Problem statement:
Suppose that there are N people in a community, some pairs of which are acquaintances (meaning that they interact with each other) and some pairs of which do not interact with each other at all. Let us say that each person’s happiness is some function of the happiness values of the people that they interact with, as well as possibly some external factors that vary from person to person. In this problem, we would like you to propose one or more models (i.e. give the function) of how happiness values behave, and describe the properties that arise. Some examples of models or functions you may consider are: taking the average of all acquaintances, taking the average of the top 5 happiest acquaintances, or adding time dependency. Your final model should at least somewhat accurately reflect friendships and happiness in the “real world”. In addition, if you had models that at first seemed reasonable but turned out to not behave well, you should also mention these and describe how you ruled them out.
I'll be answering this question with an explanation of my model and an accompanying simulation with a time dependency in Ruby.
Our simulation will take place in a "world" with N people whose happiness and acquaintances will be tracked.
This happiness will be represented as a number
We could decide to simply randomly create acquaintances between members of our world, but I think it will be more interesting to instead try to emulate the idea of "groups" of society, like belonging to a family, friend group, etc... These groups can also have only 2 members, in which case they merely represent a relationship.
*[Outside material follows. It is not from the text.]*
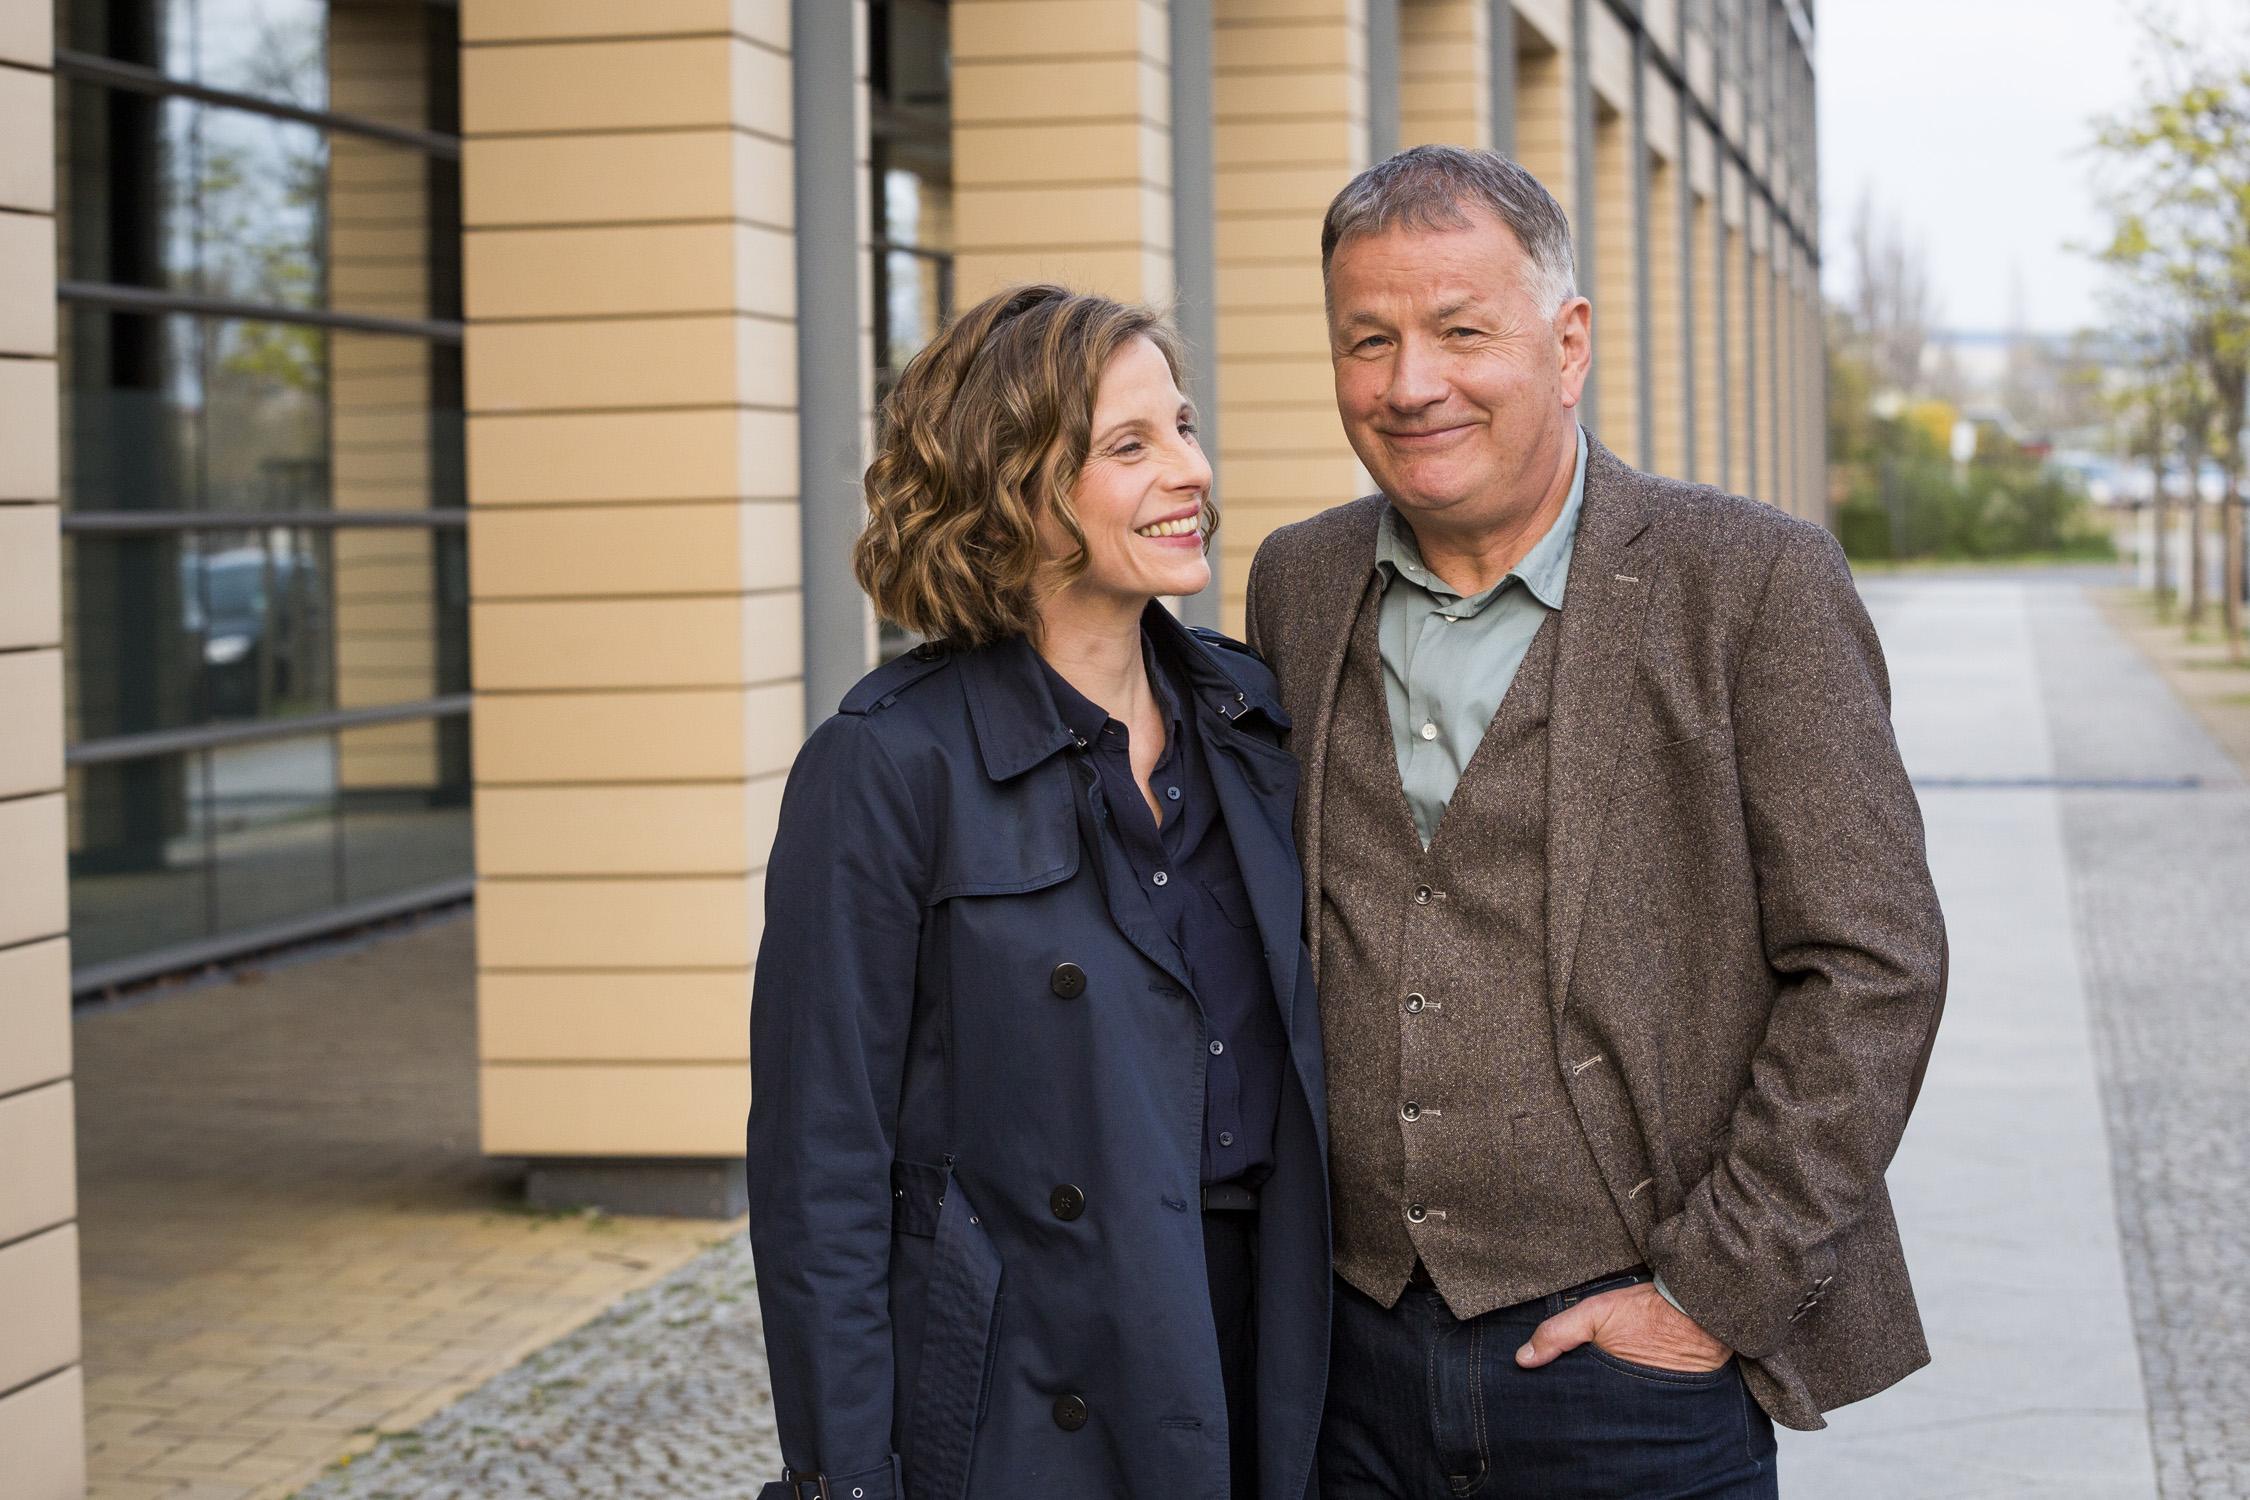 IAF Thomas Rühmann und Julia Jäger Interview

Each person will be assigned a random number representing their initial mental "inclination" to happiness, no matter their environment. We'll then assign and then randomly create groups of several members, and each group will have an updating "happiness" score based on its members happiness.
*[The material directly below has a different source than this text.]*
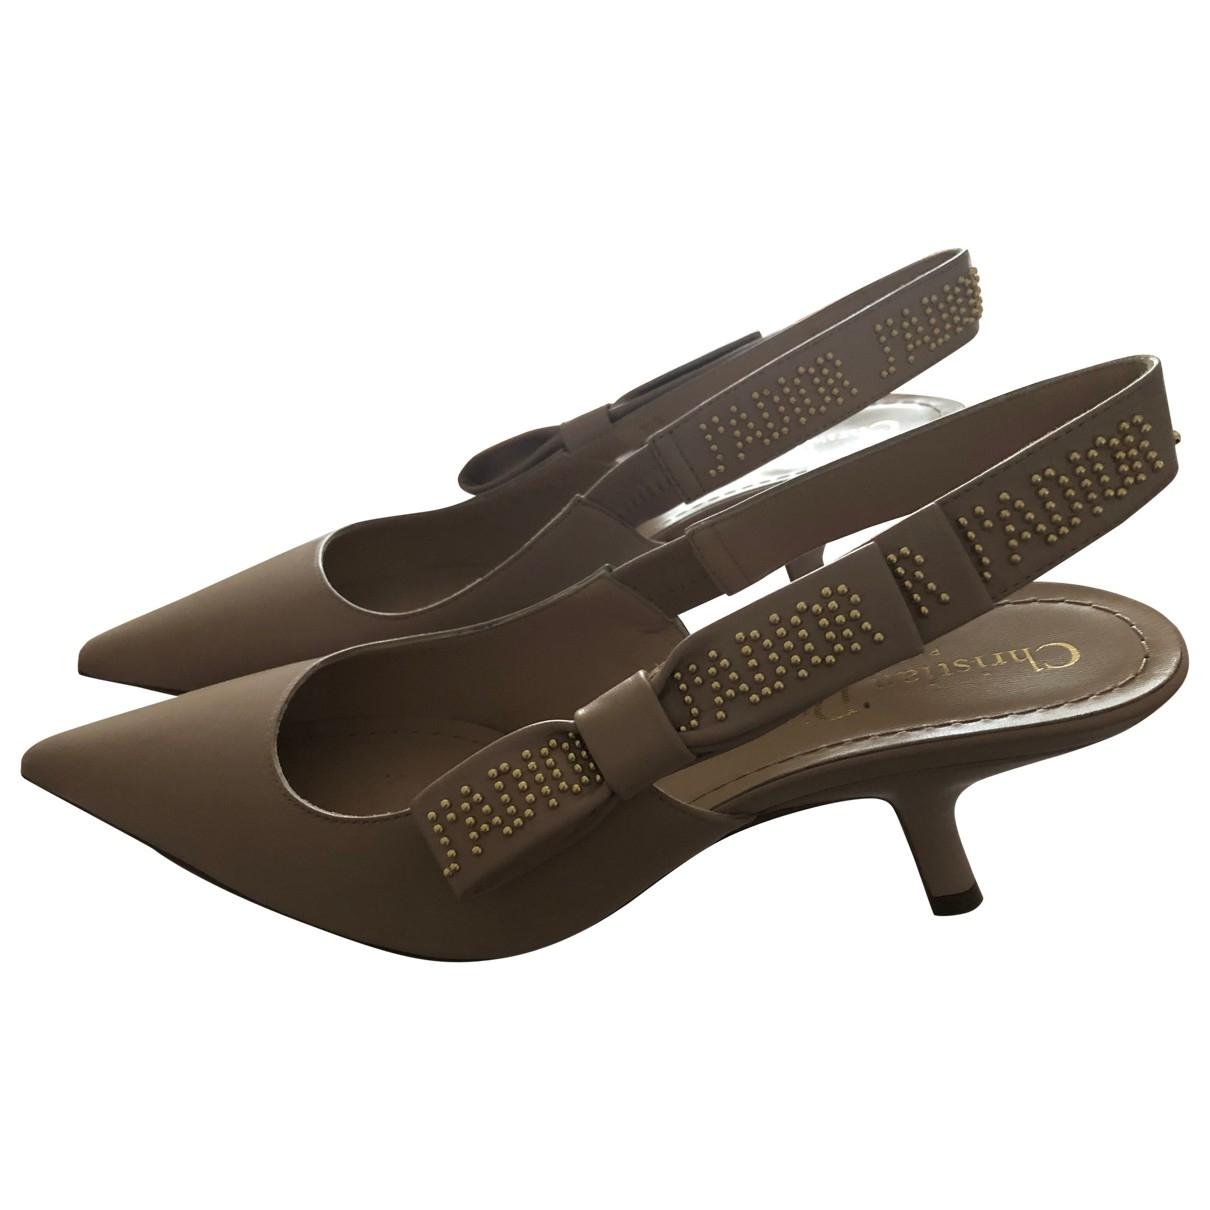 Dior J'adior Beige Leather Heels for Women 36.5 EU

Let's build the scaffold of our simulation with Person and Group classes.
class Person
attr_accessor :happiness, :belongs_to, :max_happiness, :min_happiness, :average_variation, :current_step_variation
def initialize
@happiness = (rand -100..100).to_f
@belongs_to = []
@max_happiness = @happiness
@min_happiness = @happiness
@current_step_variation = 0
@average_variation = 0
end
def increment_happiness(added)
@current_step_variation += added
@happiness += added
if @happiness > @max_happiness
@max_happiness = @happiness
end
if @happiness < @min_happiness
@min_happiness = @happiness
end
end
end
def avg(array)
array.inject(:+).to_f / array.length # helper method to get an average of the values of an array
end
N_PEOPLE = 1000
$people = (1..N_PEOPLE).map { Person.new } # seed our "People"
class Group
attr_accessor :members, :happiness
def initialize(members)
@members = members
end
end
N_GROUPS = 700
MAX_GROUP_SIZE = 10
$groups = (0..N_GROUPS-1).map do |group_i| # let's create our random groups
curr_group_size = rand 2..MAX_GROUP_SIZE
members = (0..N_PEOPLE-1).to_a.shuffle.take(curr_group_size) # randomly assemble group members
members.each do |i|
$people[i].belongs_to.append(group_i)
end
Group.new(members)
end
avg($people.map {|p| p.happiness}) # average initial happiness in this run of the simulation
Now let's keep building our world and already start looking at the parameters of our simulation. We picked the group size as a number from 2-10 so the average should be around 5-6. We can confirm this by computing the average:
group_size_average_group_size = avg($groups.map {|group| group.members.length}) # our assumption confirms itself
Now let's start modeling the idea of "group" happiness that affects all its members. Thus, each round of the simulation will compute the 'happiness' of each group, and then factor it in to the happiness of each of its members, either decreasing or increasing it, depending on their difference.
This model follows this property: we're more or less likely to be affected by the negative or positive attitude of a given group depending on how many groups we can fall back to. So even if we are member of a negative group (as in its average happiness is less than ours), we can still have a "winning" (as in positive) happiness delta for group happiness if we are member of many other positive groups. This is also true the other way around.
class Group
def carry_happiness
@members.each do |i|
happiness_delta = (@happiness - $people[i].happiness).to_f * (rand 0.1..0.5)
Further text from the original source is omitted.